Rachel Rossin in person
Over the last four years, multidisciplinary artist Rachel Rossin has gained recognition for a series of astonishing exhibitions that blend oil painting, sculpture, and virtual reality. Rossin’s practice investigates the fluid boundary between physical and digital worlds, particularly the ways information and sensory experience are transfigured by each. In the 2015 virtual reality artwork I Came and Went as Ghost Hand, photogrammetry models of the artist’s studio and domestic spaces dissolve in response to the user’s gaze to create an elastic, unstable environment. In the critically acclaimed The Sky is a Gap (2017-19), time and space are enmeshed as the user’s body slows down, speeds up, or reverses a cataclysmic explosion. Rossin presents a selection of works in video and virtual reality and discusses them within the wider context of her practice.

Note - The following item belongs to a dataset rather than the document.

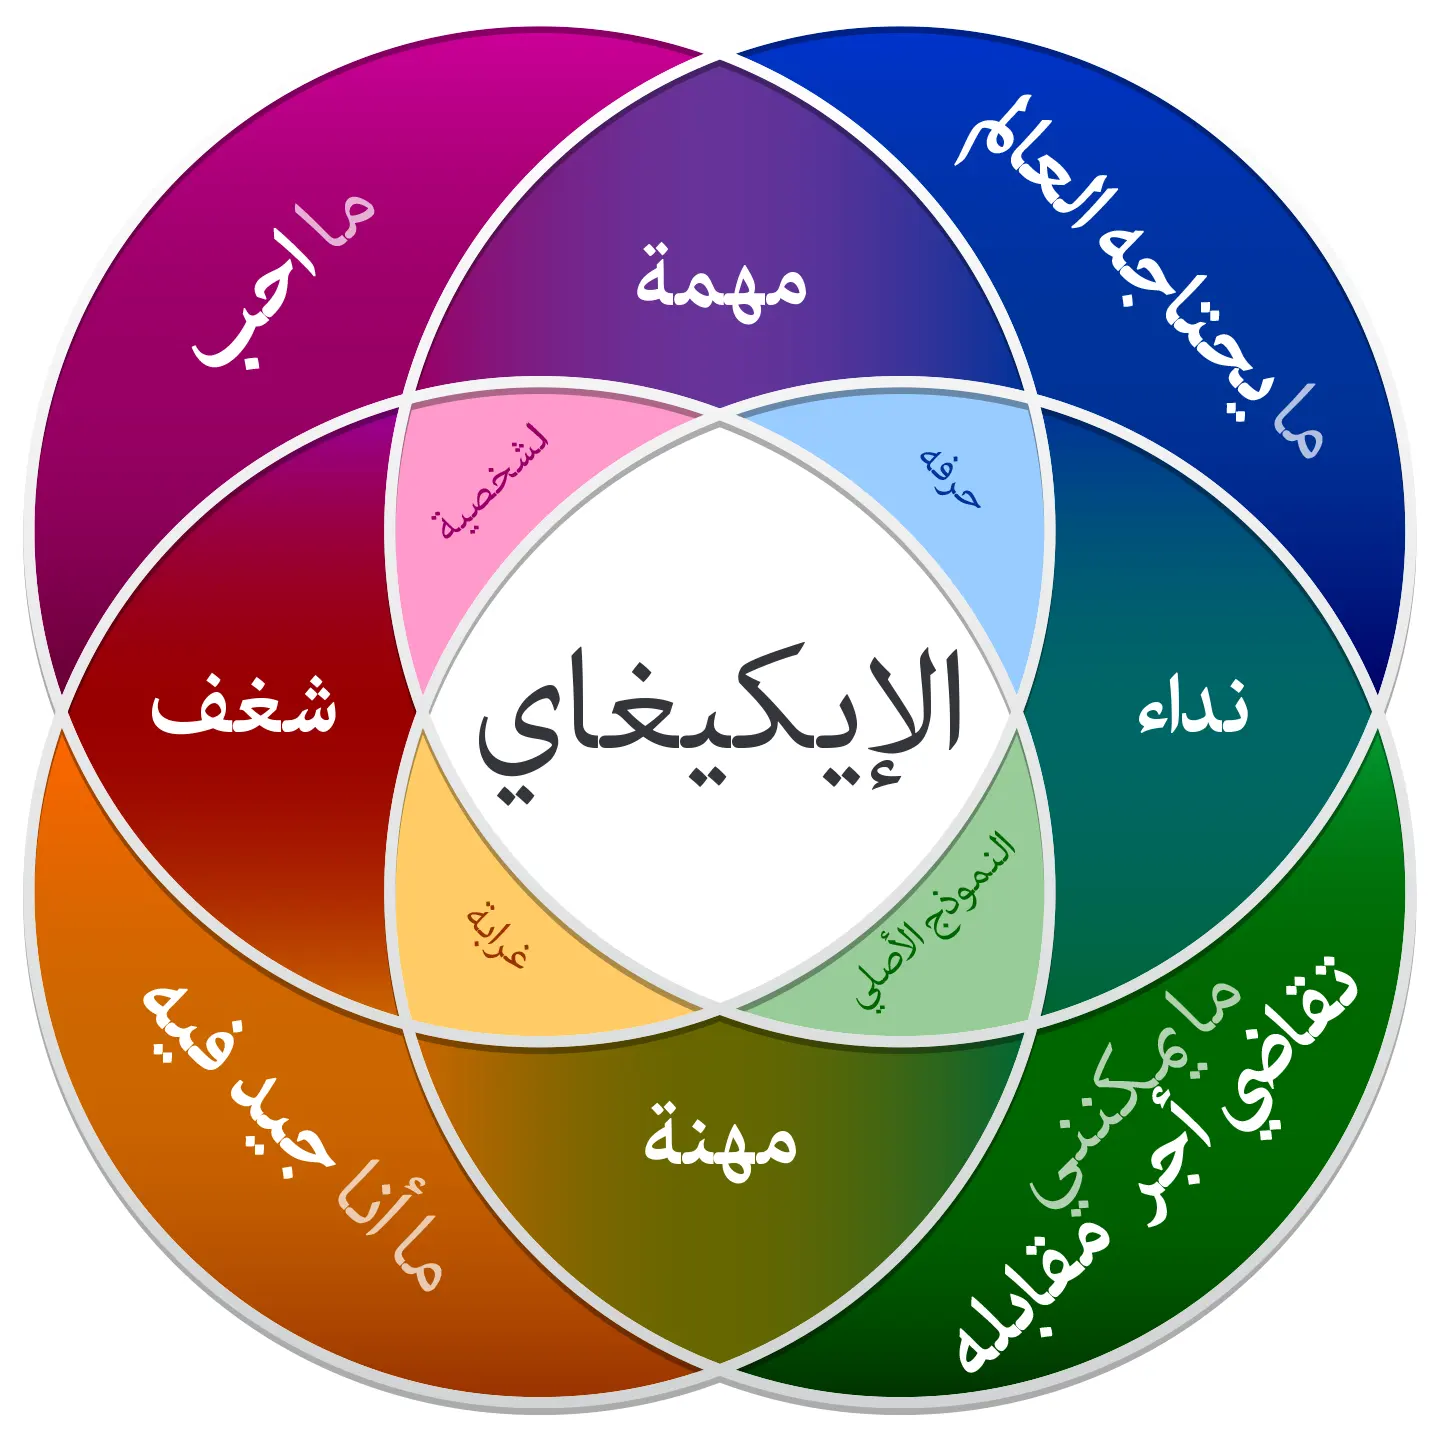 الإيكيغاي معنى في اللغة العربية
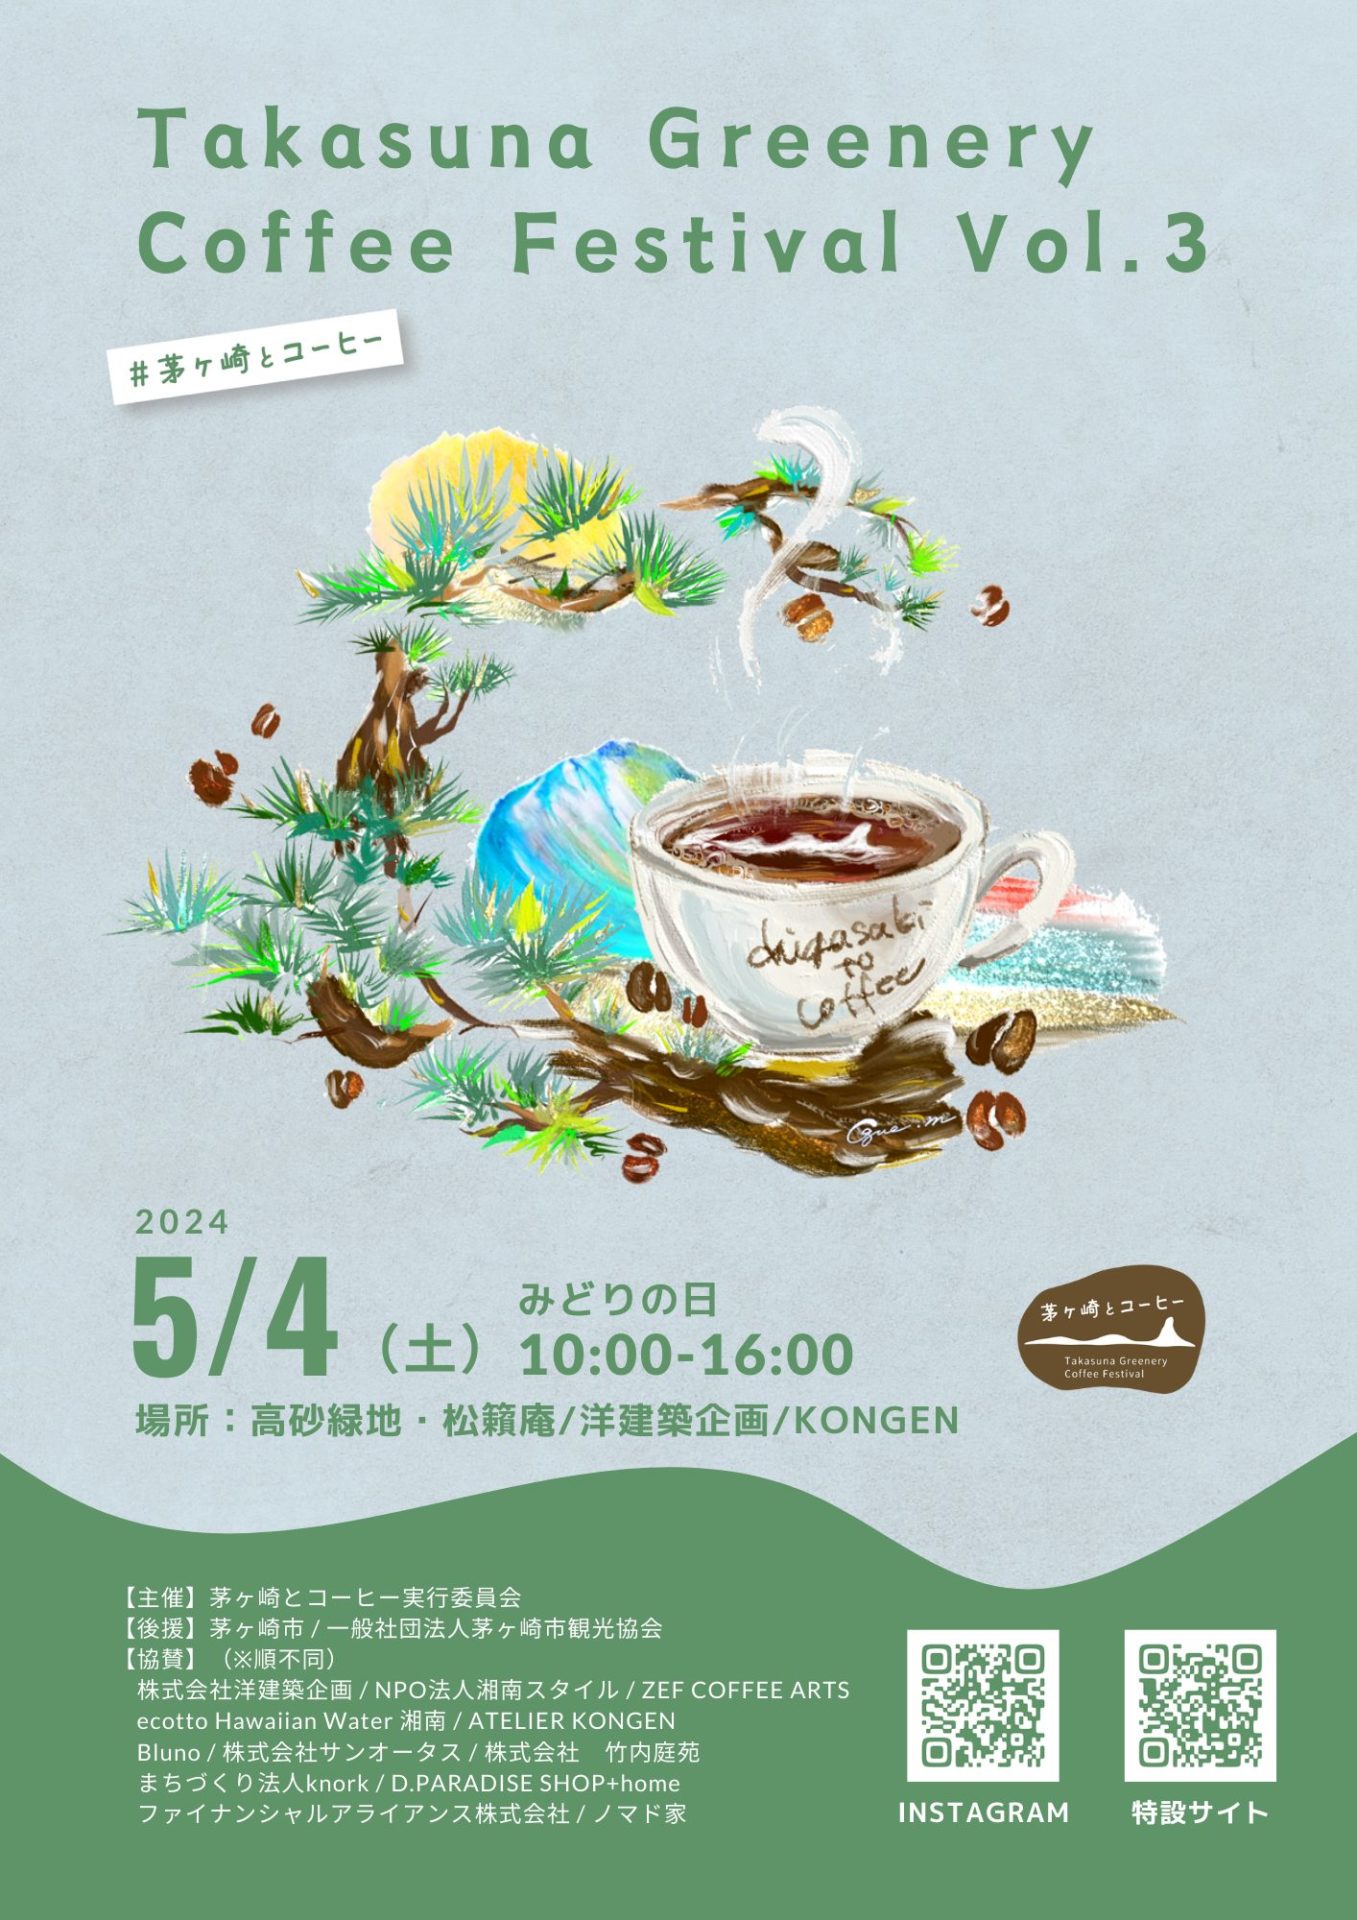 【茅ヶ崎市】分散型のまち歩きコーヒーフェス「Takasuna Greenery Coffee Festival vol.3」を開催！5月4日(土)

2015–19, United States, multiple formats, ca 60 minutes followed by discussion
Rachel Rossin is a painter and programmer whose work explores entropy, embodiment, the ubiquity of technology and its effect on our psychology. Selected solo exhibitions include Stalking the Trace, Zabludowicz Collection, London, 2019; Greasy Light, 14a, Hamburg, Germany, 2019; Tennis Elbow, The Journal Gallery, New York, 2019; Peak Performance, SIGNAL, New York, 2017; My Little Green Leaf, Contemporary Art Centre, Riga, Latvia, 2016; and Lossy, Zieher Smith & Horton, New York, 2015. Selected group exhibitions include Chaos and Awe: Painting for the 21st Century, Frist Center for the Visual Arts, Nashville, Tennessee, 2018; After Us, K11 Art Museum, Shanghai, 2017; ARS17, Museum of Contemporary Art Kiasma, Helsinki, 2017; and First Look: Artists’ VR, copresented by Rhizome, The New Museum, New York, 2017. Rossin was a fellow in virtual reality research and development at the New Museum’s NEW INC in 2015.